Comet C/2004 Q2 (MACHHOLZ): Parent Volatiles, a Search for Deuterated Methane, and Constraint on the CH4 Spin Temperature

TL;DR

This study analyzed high-resolution infrared spectra of Comet C/2004 Q2 (Machholz) to determine volatile compositions, spin temperatures, and deuterated methane limits, providing insights into comet formation conditions and volatile origins.

Contribution

It presents the first detailed measurements of volatile mixing ratios, spin temperature of CH4, and a new upper limit on CH3D/CH4 in this comet, advancing understanding of cometary composition and formation environments.

Findings

Consistent volatile composition at different heliocentric distances.
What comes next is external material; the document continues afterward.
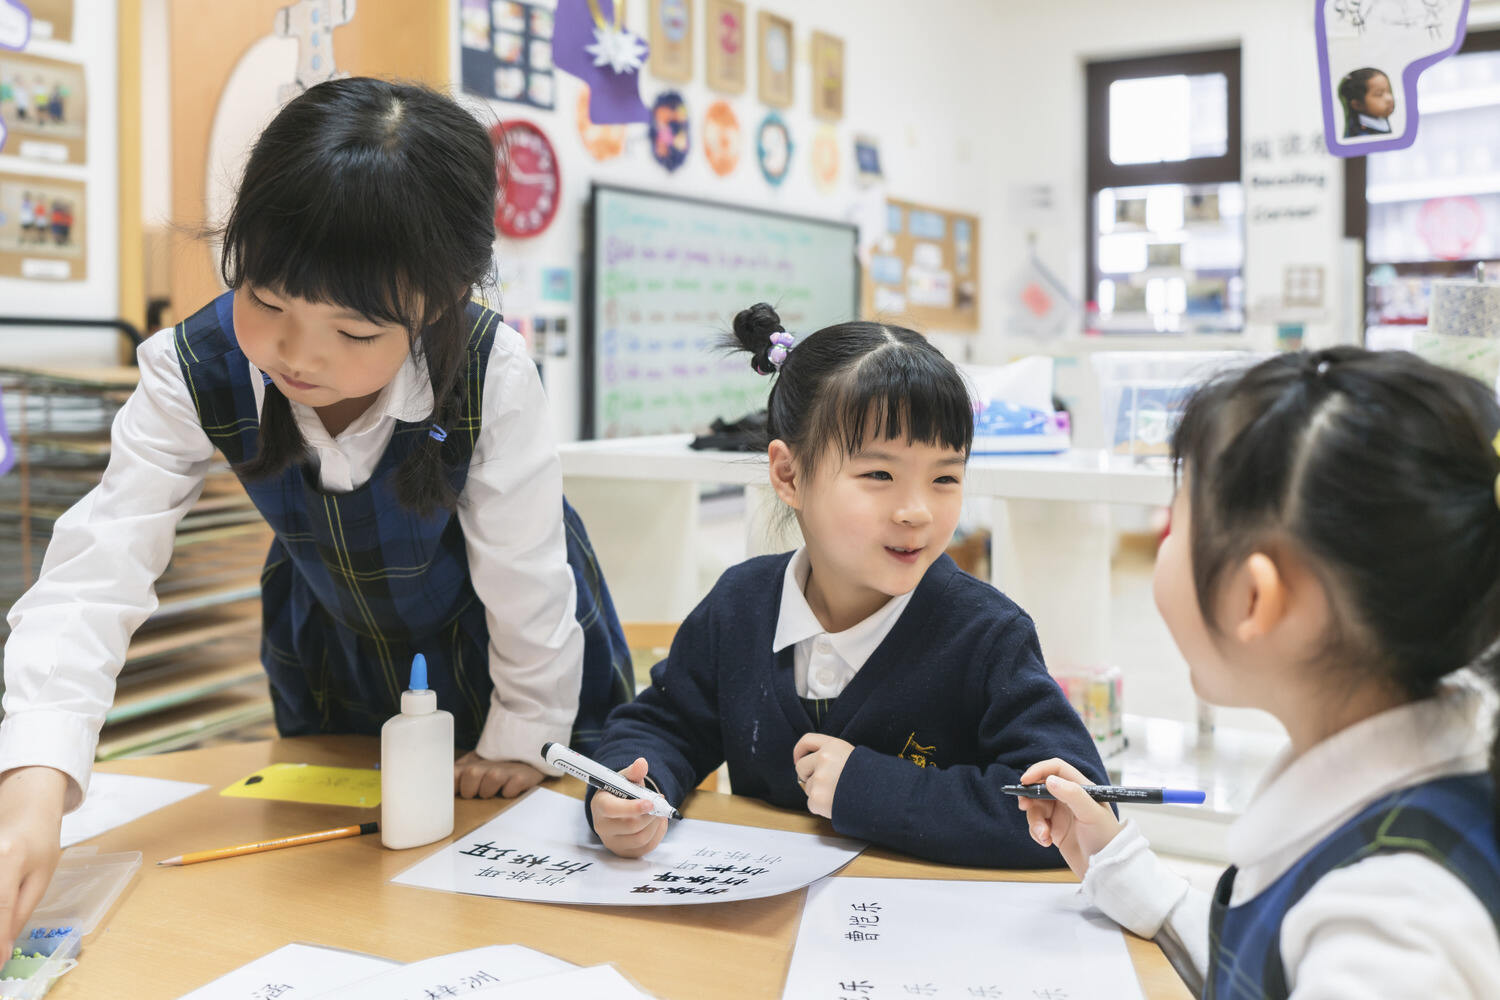 上海惠立幼儿园学前教育课程七大领域
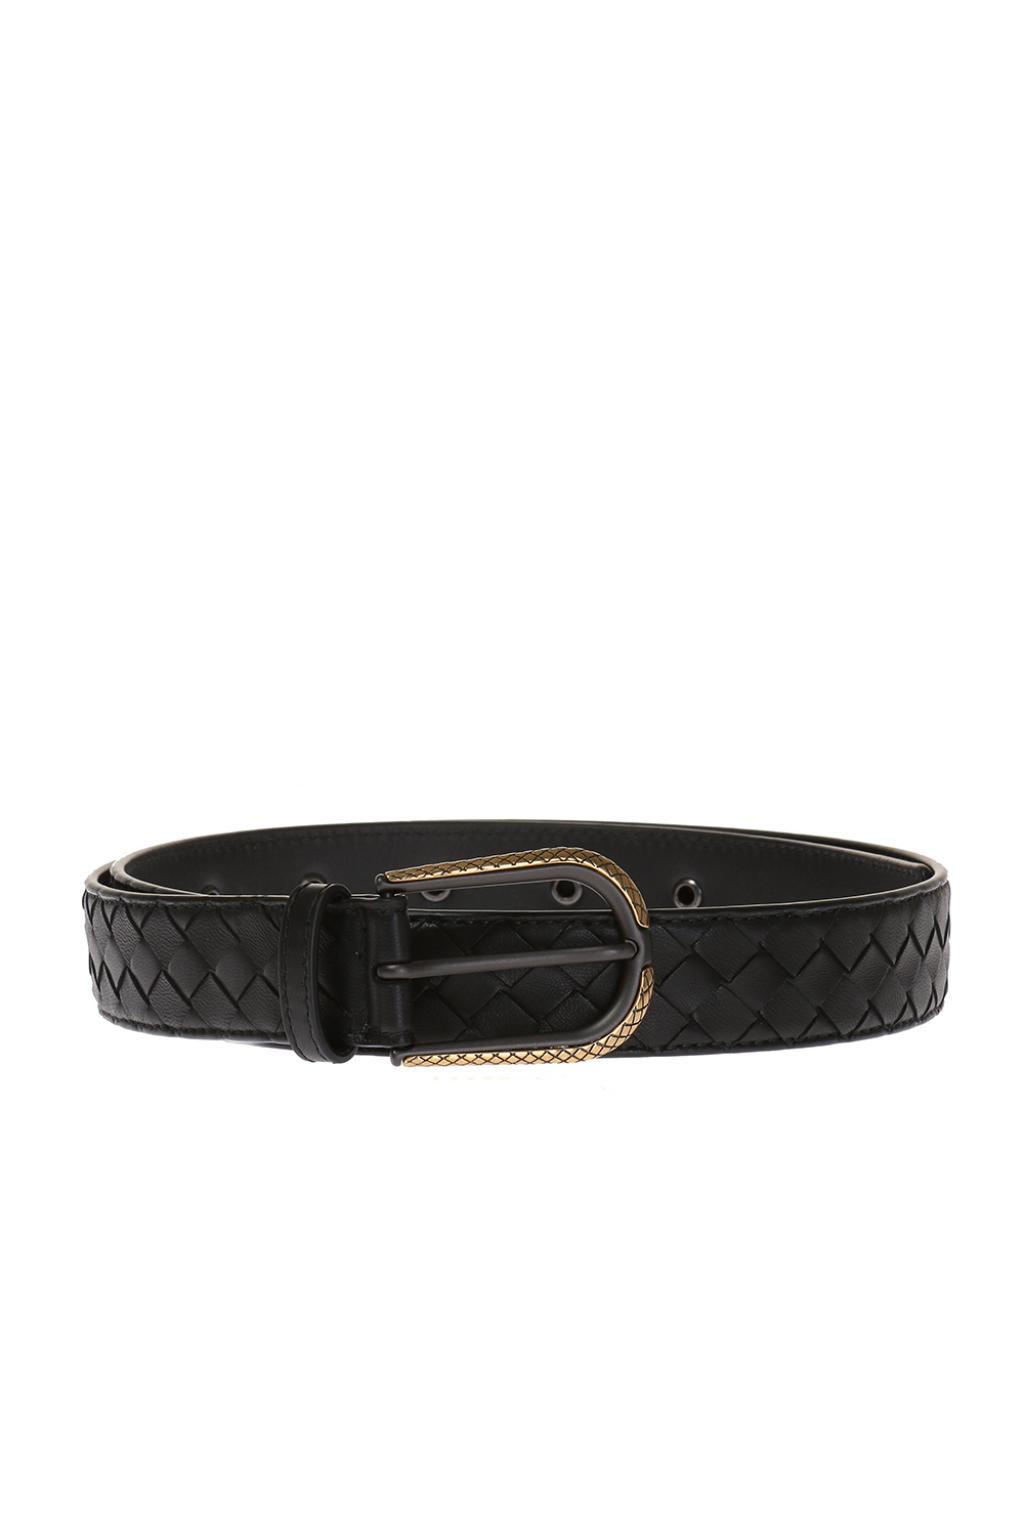 Bottega Veneta Leather Belt in Black for Men - Lyst

High C2H6/C2H2 ratio compared to other comets.

CH4 spin temperature > 35-38 K and D/H ratio < 0.005.

Abstract

High-dispersion (l/dl ~ 25,000) infrared spectra of Comet C/2004 Q2 (Machholz) were acquired on Nov. 28-29, 2004, and Jan. 19, 2005 (UT dates) with NIRSPEC at the Keck-2 telescope on Mauna Kea. We detected H2O, CH4, C2H2, C2H6, CO, H2CO, CH3OH, HCN, and NH3 and we conducted a sensitive search for CH3D. We report rotational temperatures, production rates, and mixing ratios (with respect to H2O) at heliocentric distances of 1.49 AU (Nov. 2004) and 1.21 AU (Jan. 2005). We highlight three principal results: (1) The mixing ratios of parent volatiles measured at 1.49 AU and 1.21 AU agree within confidence limits, consistent with homogeneous composition in the mean volatile release from the nucleus of C/2004 Q2. Notably, the relative abundance of C2H6/C2H2 is substantially higher than those measured in other comets, while the mixing ratios C2H6/H2O, CH3OH/H2O, and HCN/H2O are similar to those observed in comets, referred to as "organics-normal". (2) The spin temperature of CH4 is > 35-38 K, an estimate consistent with the more robust spin temperature found for H2O. (3) We obtained a 3s upper limit of CH3D/CH4 < 0.020 (D/H < 0.005). This limit suggests that methane released from the nucleus of C/2004 Q2 is not dominated by a component formed in extremely cold (near 10 K) environments. Formation pathways of both interstellar and nebular origin consistent with the measured D/H in methane are discussed. Evaluating the relative contributions of these pathways requires further modeling of chemistry including both gas-phase and gas-grain processes in the natal interstellar cloud and in the protoplanetary disk.